▸ **Work to be completed**
Please repeat the lines below exactly. Begin with the line containing "Bunk Beds With" and go on through the line containing "Beautiful Red'n Yellow".
++++ Dataset records ++++
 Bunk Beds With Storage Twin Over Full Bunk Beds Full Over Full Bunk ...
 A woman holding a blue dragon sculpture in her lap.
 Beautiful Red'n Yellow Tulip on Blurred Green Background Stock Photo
++++
++++ Dataset records ++++
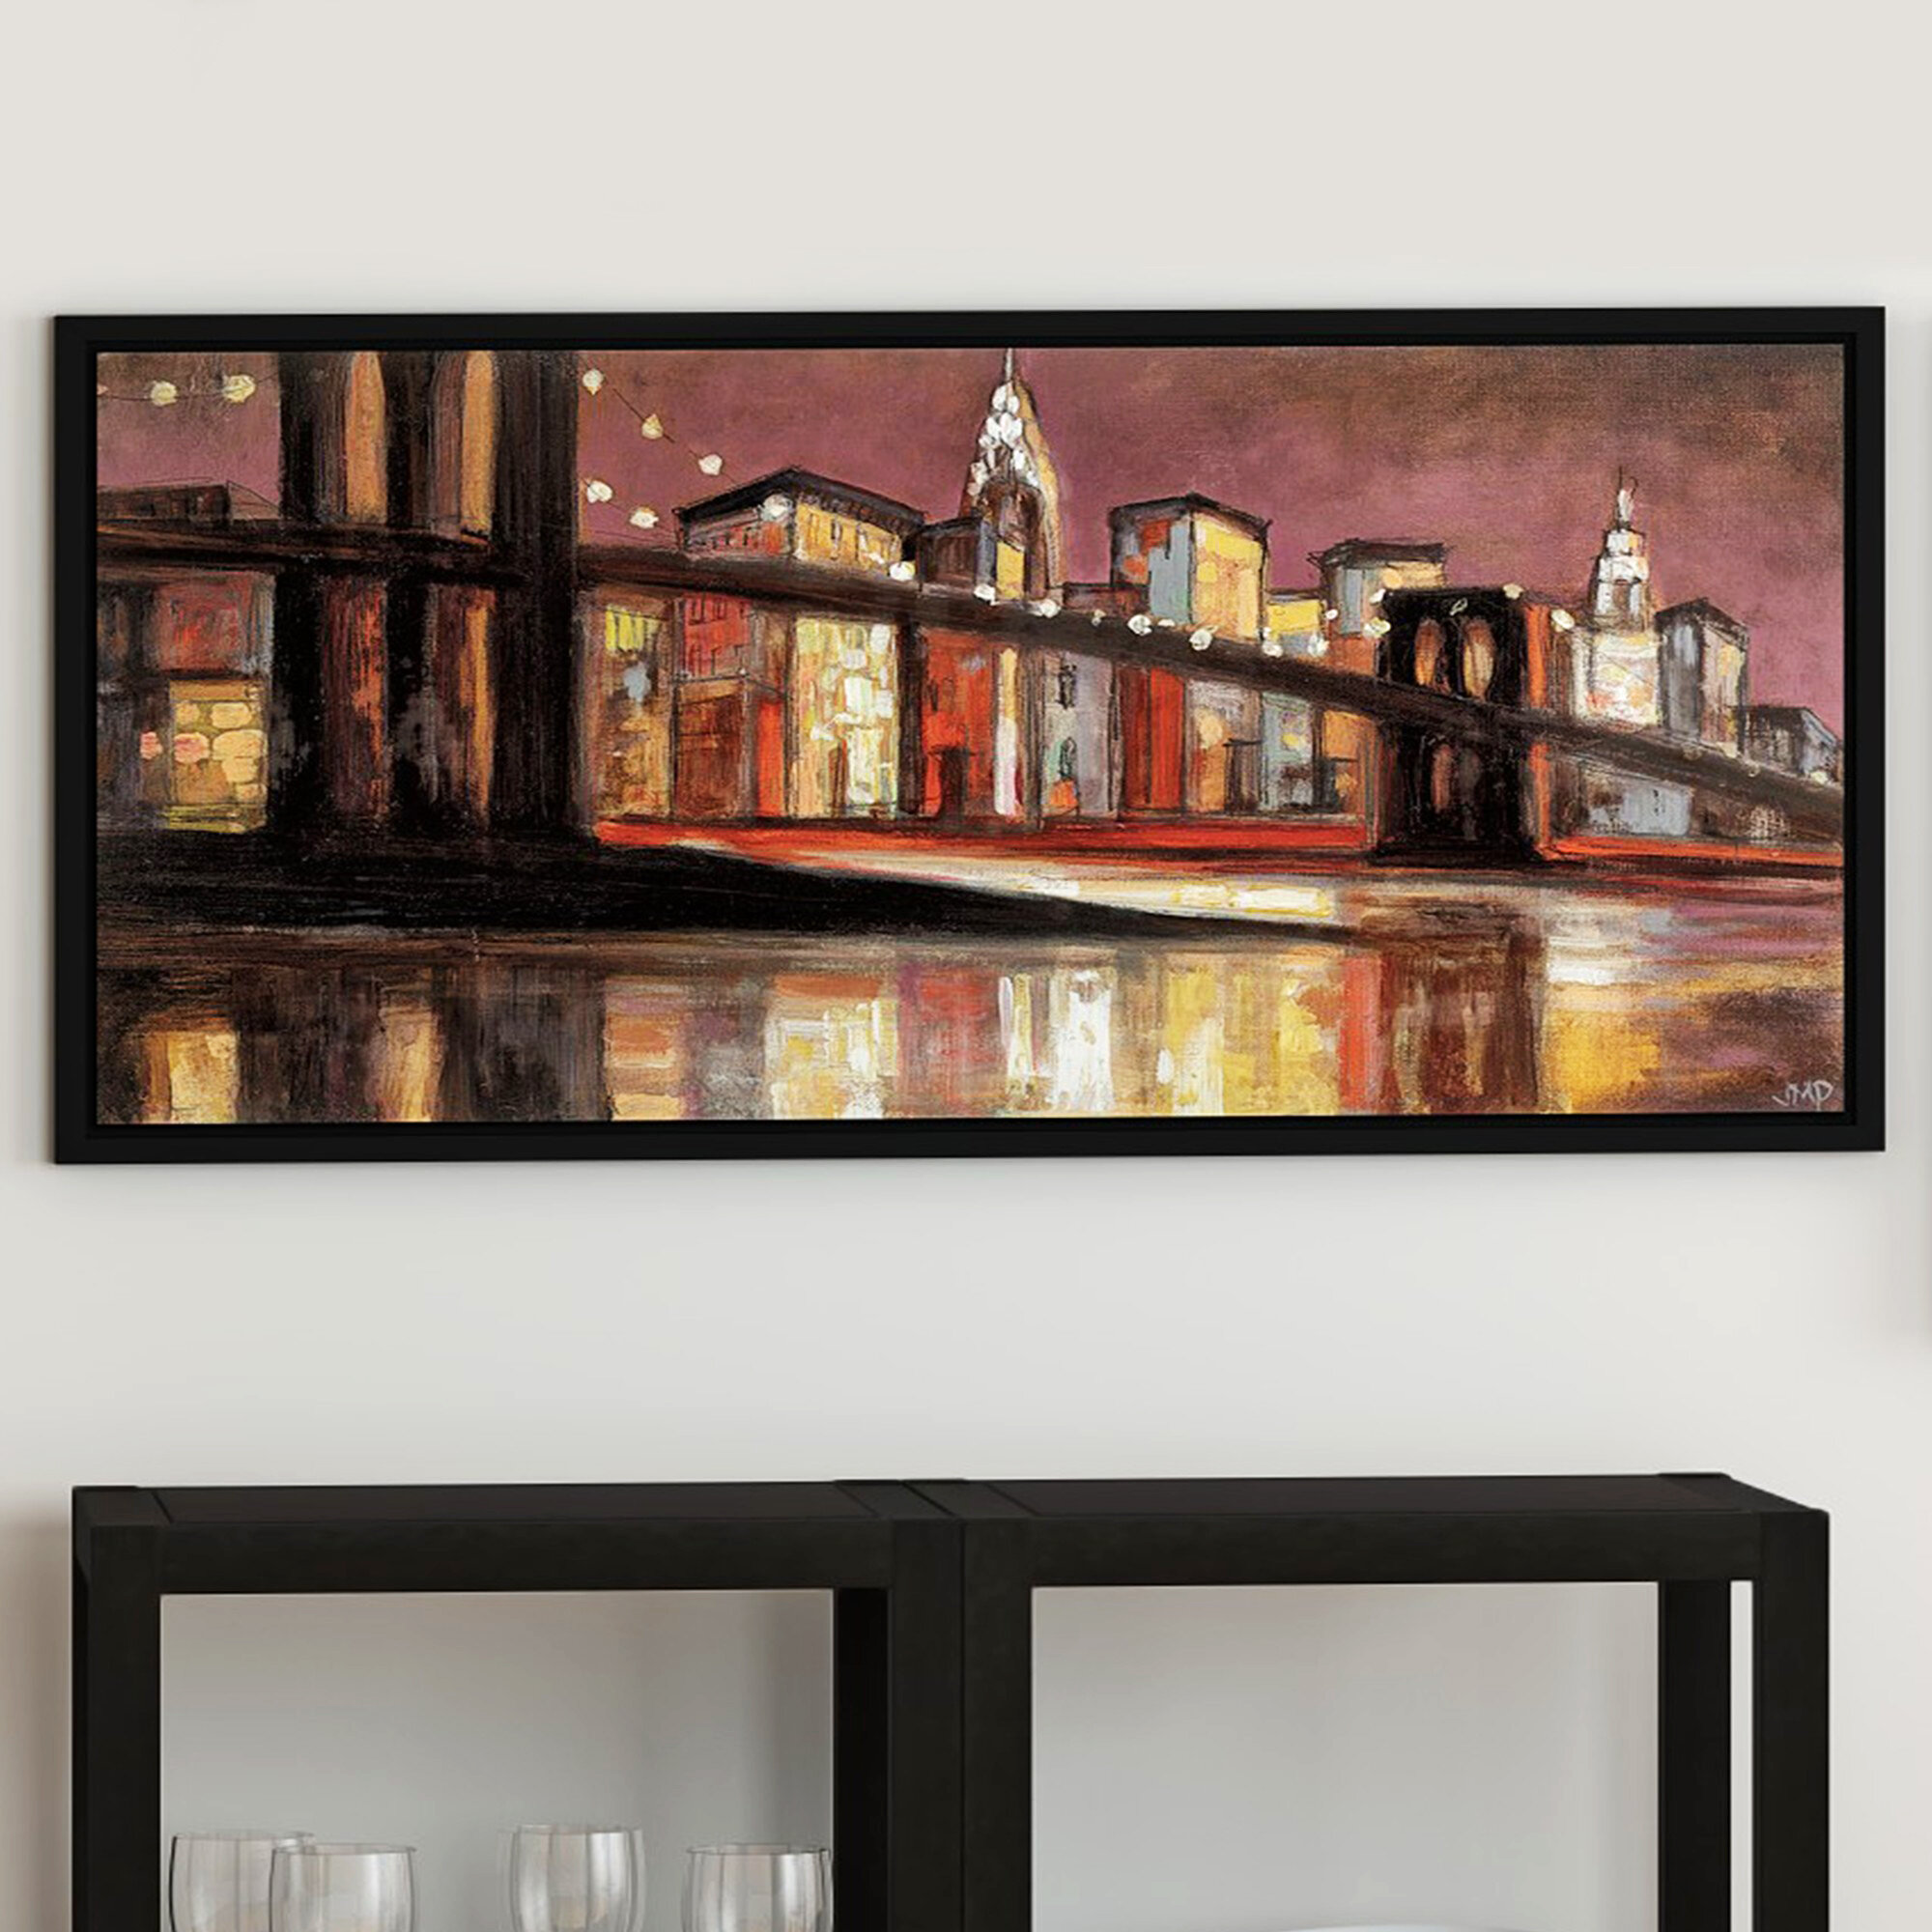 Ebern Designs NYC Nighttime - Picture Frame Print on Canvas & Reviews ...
++++
▸ **Problem solution**
 Bunk Beds With Storage Twin Over Full Bunk Beds Full Over Full Bunk ...
 A woman holding a blue dragon sculpture in her lap.
 Beautiful Red'n Yellow Tulip on Blurred Green Background Stock Photo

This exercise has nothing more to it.